A rocket of mass 500kg carrying,4000kg of fuel is to be launched vertically . the fuel is consumd at a steaty rate of 50kg/s calculate the least velocity of the exhaust gases if the launching pad immediately after firing (g=10m/s)
Well, I must admit, this question has really "taken off!" So, let's calculate the least velocity of the exhaust gases, shall we?
The total mass of the rocket and the fuel is 500 kg + 4000 kg = 4500 kg. Now, as the fuel is consumed at a steady rate of 50 kg/s, we need to consider the time it takes to consume all the fuel.
Since the rocket has 4000 kg of fuel and it's consumed at a rate of 50 kg/s, it will take 4000 kg / 50 kg/s = 80 seconds to consume all the fuel.

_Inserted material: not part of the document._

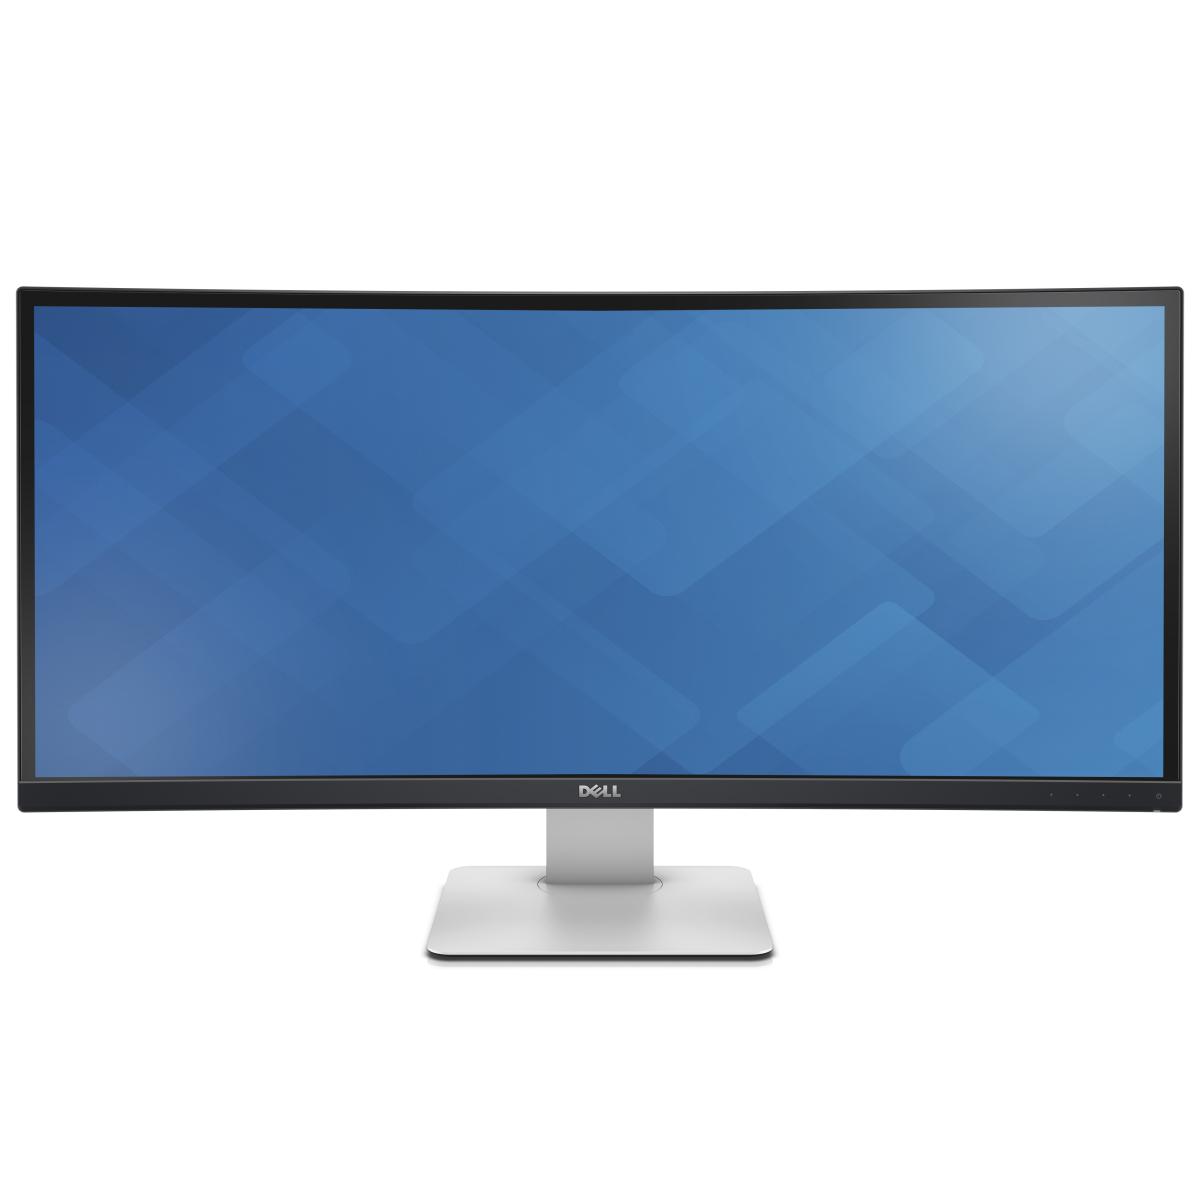 """DELL UltraSharp U3415W LED display 86.4 cm (34"""") 3440 x 1440 pixels Wide Quad HD Curved Matt Black"""

Now, we can calculate the net force acting on the rocket. The force of gravity, Fg, can be found using the formula Fg = mg, where m is the mass of the rocket and g is the acceleration due to gravity (10 m/s²). Thus, Fg = 4500 kg * 10 m/s² = 45000 N.
The thrust force, Ft, exerted by the rocket is given by the equation Ft = (dm / dt) * Ve, where dm/dt is the rate of change of mass (fuel consumption rate) and Ve is the exhaust velocity.
Since the mass is consumed at a steady rate of 50 kg/s, dm/dt = 50 kg/s. Now, to calculate the least velocity of the exhaust gases, we assume the rocket is initially at rest. Therefore, the net force acting on the rocket is equal to the thrust force: Ft = Fg.
So, 45000 N = (50 kg/s) * Ve. Rearranging the equation, we find Ve = 45000 N / 50 kg/s = 900 m/s.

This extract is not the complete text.